Into these houses Cecily and her companion—a different person every day—would go, and instead of just handing out meds, they would first take water to everyone and help them drink. Then would come the medications, usually capsules and tablets, but liquids for the children and those too weak to swallow a pill.
And then, finally, would come the cleanup. Bottled water was too precious to use for this, so they would have to use whatever water was available in the house or could be borrowed from still-healthy neighbors. Every caregiver had quickly gotten used to the stench and no longer recoiled from touching what had to be touched and washing what had to be washed. It was impossible to make everything hospital-clean, but they left every house in better condition than they found it in.

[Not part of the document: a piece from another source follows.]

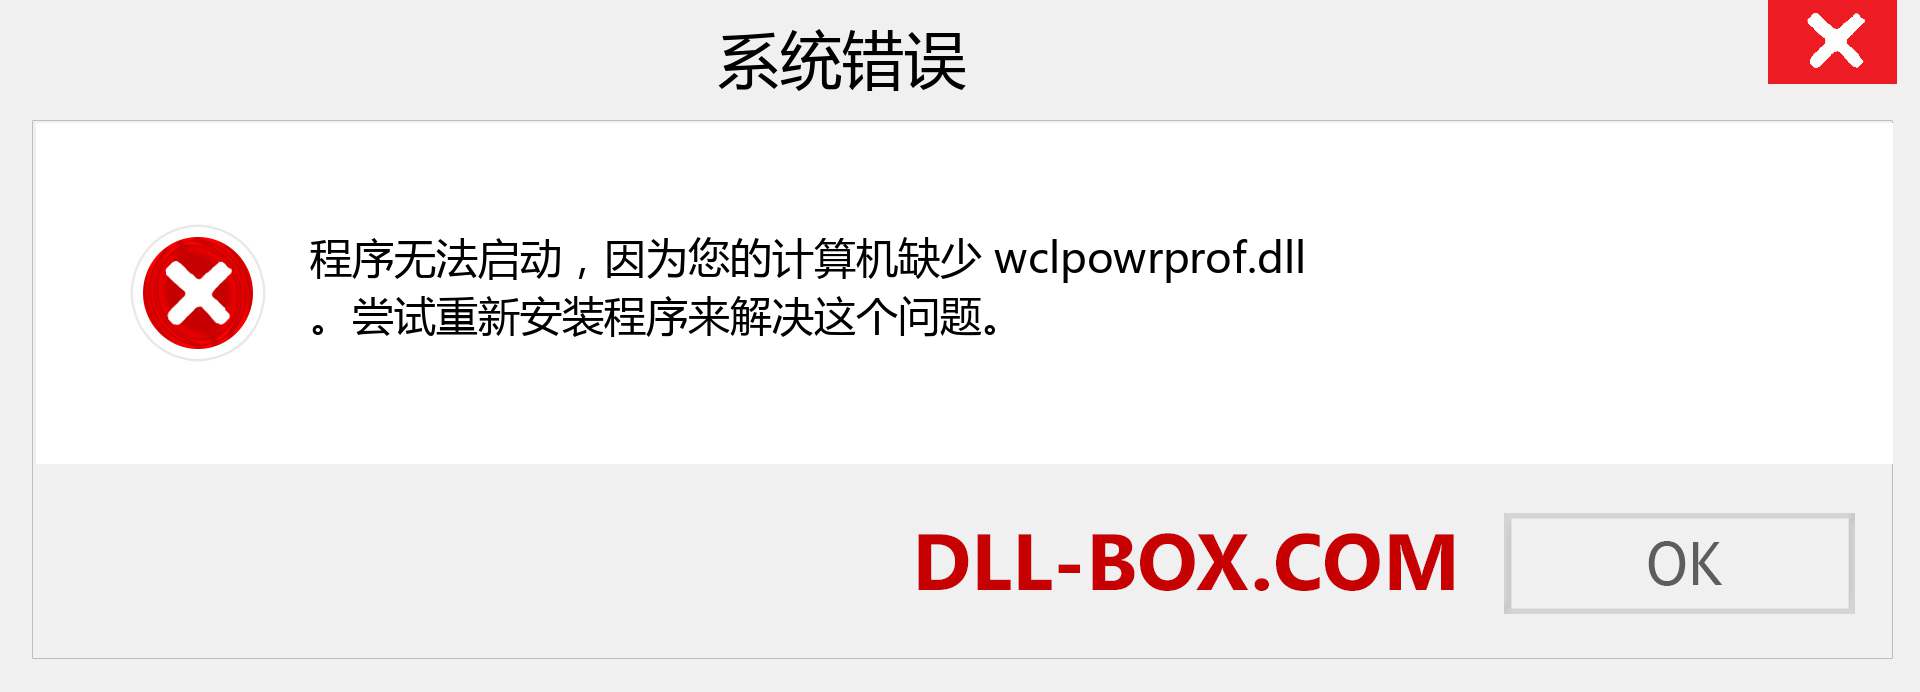 wclpowrprof.dll 文件丢失？。 适用于 Windows 7、8、10 的下载 - 修复 Windows、照片、图像上的 wclpowrprof dll 丢失错误

They marked with orange tape the lintels of the houses where no one was able to get out of bed. The food crews would then know which houses to visit on their daily rounds. For the first few days, gas-masked American soldiers went with the food crews, but as the soldiers took sick, they were replaced by Nigerian students, armed only with sticks; but they, along with Cecily's reputation as the New Mrs. Slessor, were enough to deter brigands and pilferers.

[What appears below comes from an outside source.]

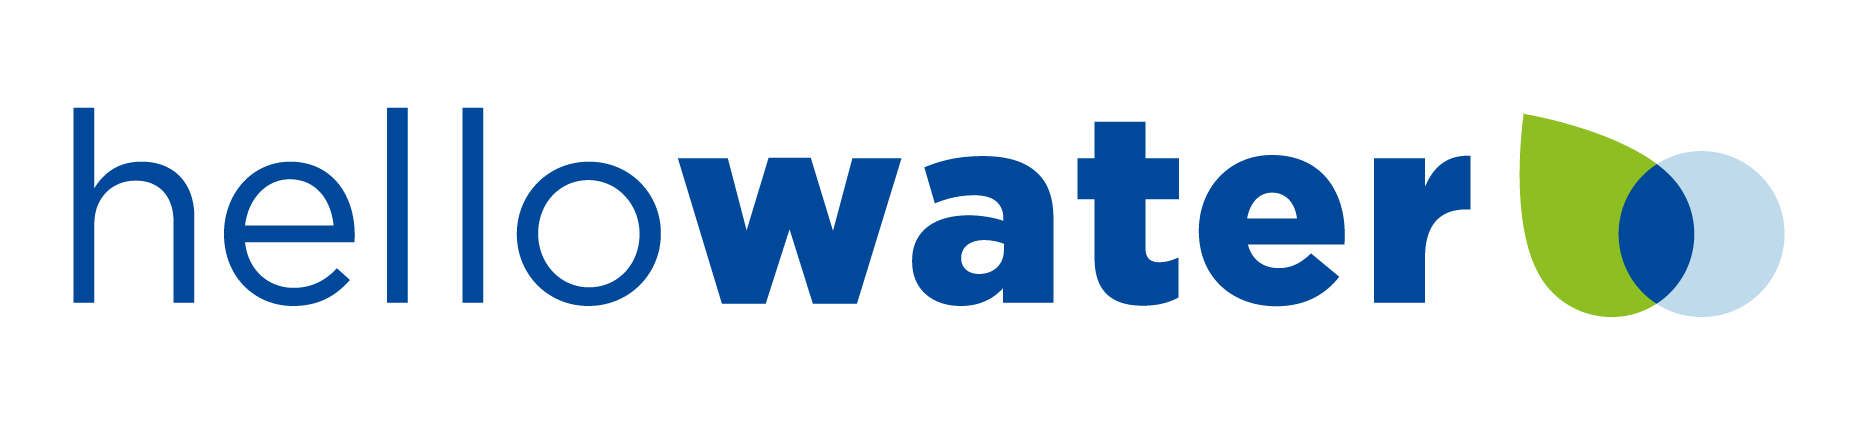 HelloWater logo

As word of what the caregivers were doing spread through the city, order began to return. People with white breathing masks went back to their jobs; farmers from the hinterland began to bring food into the city again, so they could return with medications and knowledge of methods of treatment. Extended families formed a widespread network throughout the region—most people in the city still had many relatives in the hinterland, and that network began to keep the city alive.
All of this was gratifying—it was clear that the coming of the American caregivers was making a great difference. The city would not starve; people were far less likely to be robbed, raped, or murdered as they lay sick or tried to flee the city.
What Cecily was watching most closely, though, was the mortality rate. She could not measure any control group—they were not going to leave some portion of the city within their reach untended—but she could try to gather statistics on the recovery rate among those who were treated.
The best indicator would be the soldiers—they were all known by name, they were gathered in one place, and they could not move in and out of the countryside without anyone missing them. The reports from Lagos and other areas of early infection were of death rates as high as fifty percent in some areas, and never lower than thirty percent. If the soldiers died at the same rate, then all their effort was making no difference at all.
So part of Mark's work, Cecily decided, was to gather the stats as they came in—the number of soldiers who were sick, the number reaching each stage of the disease, and then, eventually, the number who died or who were still alive when the fever broke.
"I'm supposed to care about numbers?" he asked impatiently.
"Yes," she said. "This plague will probably reach the United States someday. We need to know if our treatment regime works, and if it does, how much difference it makes."